1. Give an example of a recent tv show/movie/advert/etc and how it constructs stories about nation/race/gender/sexuality. How does your chosen media text enable and/or disable, empower and/or oppress?
Although I enjoyed the movie Sex and the City, I think it has equal proportions of empowerment and oppression. I like that the movie enables us to view different angles of womanhood in the modern day. It also has equal parts of feminist values and scenes feminists would cringe at. On one hand, there are women who are career-driven and who seek to provide for their families and themselves. They are independent and don't fit into the cookie-cutter Stepford-wife mold. On the other hand, there is the woman who falls into a year of despair after having her heart-broken, along with the other women who can't seem to get over sexual/love problems. These same women seem to focus so much on sex and physical appearances that it becomes a main part of their identity. However, that's also empowerment because it lends to the idea that women can do whatever they want, but it can construct negative stories/concepts that all independent and headstrong women are sex-crazed types obsessed with shopping and boyfriends.

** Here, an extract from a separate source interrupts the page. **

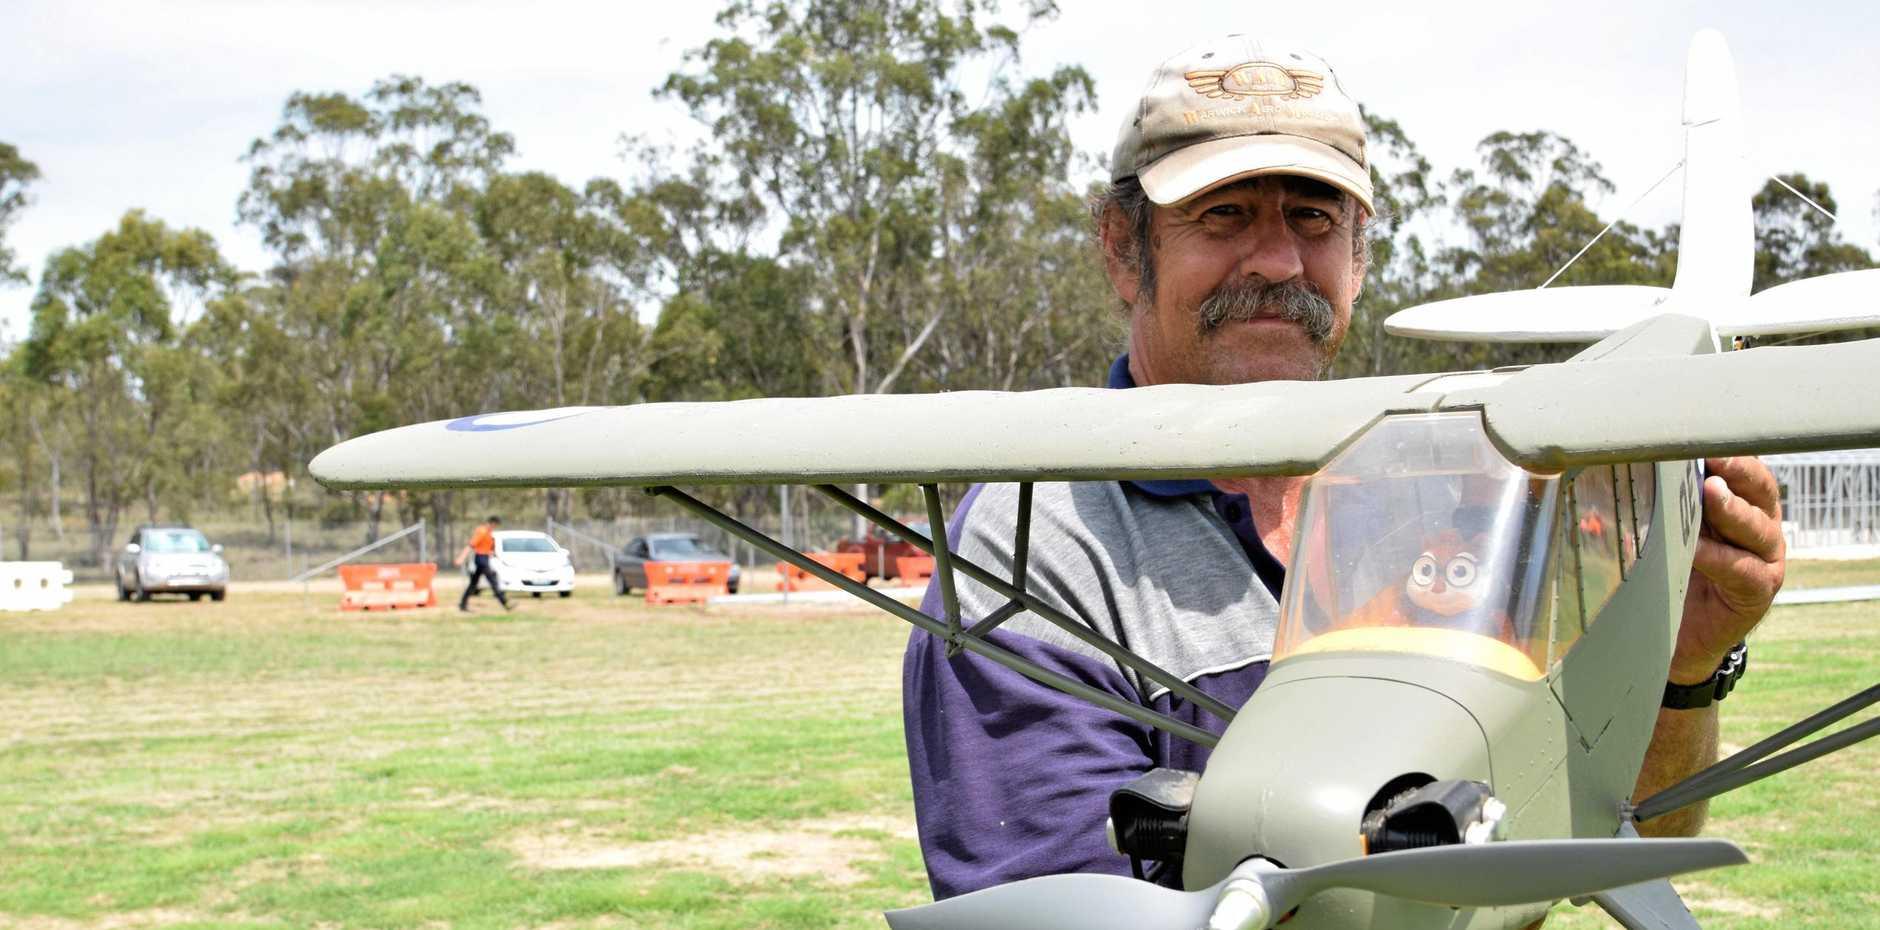 Warbirds create Armistice Day buzz with airborne display | Warwick

2. What assumptions do we have about what it means to be a Filipino? How "must" a Filipino act, according to discourses in the media and in everyday life? How do these assumptions become naturalized or taken for granted? Filipinos, according to our own shows, ads, and movies, are all about family and relationships. Filipinos are really 'excellent' at groupthink and have values like crab mentality, pakikisama, and the bahala na syndrome. They are expected to comply with the values of the community, respect their elders, and essentially follow Asian traditions. If these are shown in the media, it only serves as a way to reinforce the Filipino's support for the cultural status quo. I personally believe that the only reason the media would highlight such traits in Filipinos is that Filipinos can resonate with these values and actually enjoy/empathize with them. Even values perceived to be 'negative' like bahala na achieve a sense of belonging in the culture because after all, it's 'Filipino'.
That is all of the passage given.